Abstract

Laboratory manipulations of ambient temperature were used to investigate the role of temperature in triggering or modulating cold-hardiness adaptations, supercooling-point depression and cryoprotectant accumulation, in larvae of the goldenrod gall moth, Epiblema scudderiana (Clemens), a freeze-intolerant species. Low temperature strongly facilitated cryoprotectant synthesis; larvae subjected to a 1°C per day decrease in temperature showed a major increase in the rate of glycerol synthesis when temperature fell below 5°C with highest rates of synthesis, greater than 90 μmol g −1 d −1, at temperatures between 0 and −10°C. Conversely, abrupt rewarming of larvae from −18 to 23°C in mid-November stimulated a rapid loss of glycerol (from a starting level of 1763 ± 278 μmol/g wet weight) with a half time of only 1.5 days.
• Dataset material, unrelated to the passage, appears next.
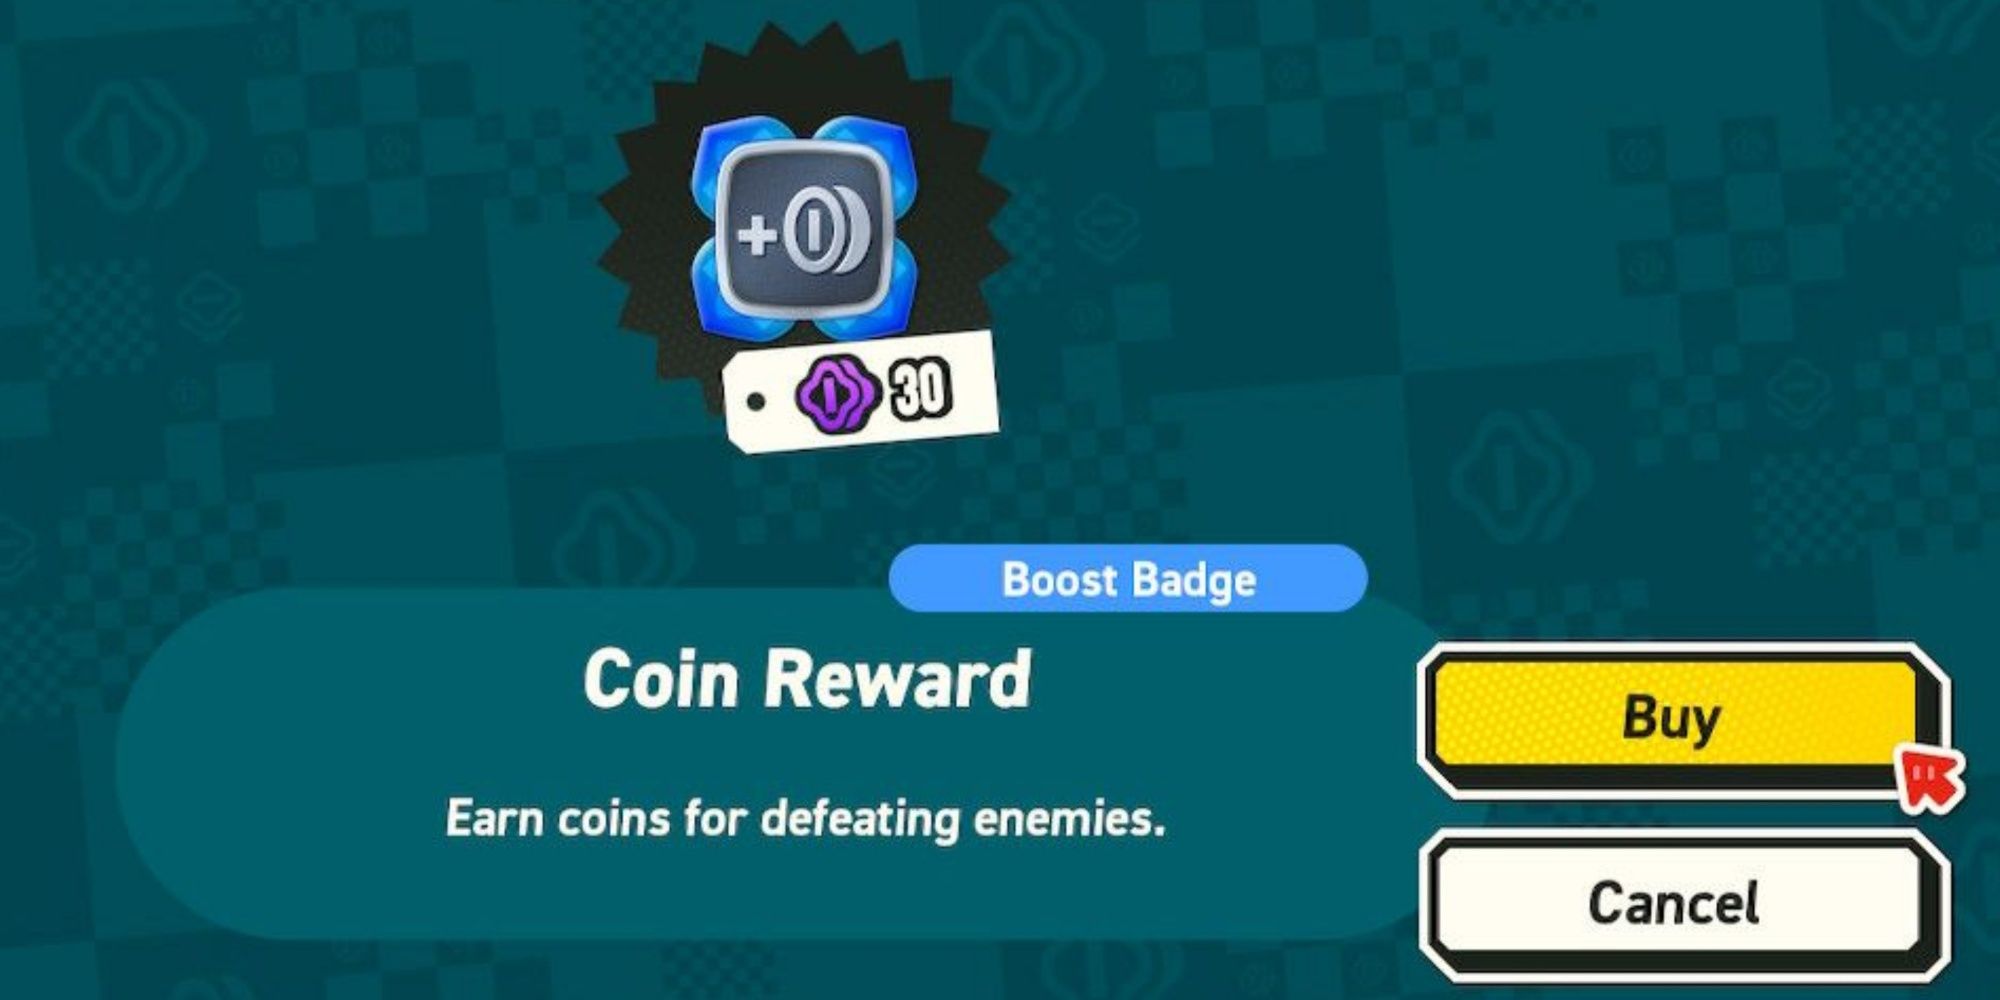 mario wonder boost badge coin reward

Supercooling-point depression was not keyed to ambient temperature but appeared to be an endogenous event occurring over the same time interval in laboratory animals held at warm or cold temperatures, as well as in outdoor animals. Rewarming of cold-adapted larvae in November resulted in only a small rise in supercooling point (and did not break diapause) but rewarming in February resulted in a 19°C increase in supercooling point in 4 days, followed rapidly by pupation.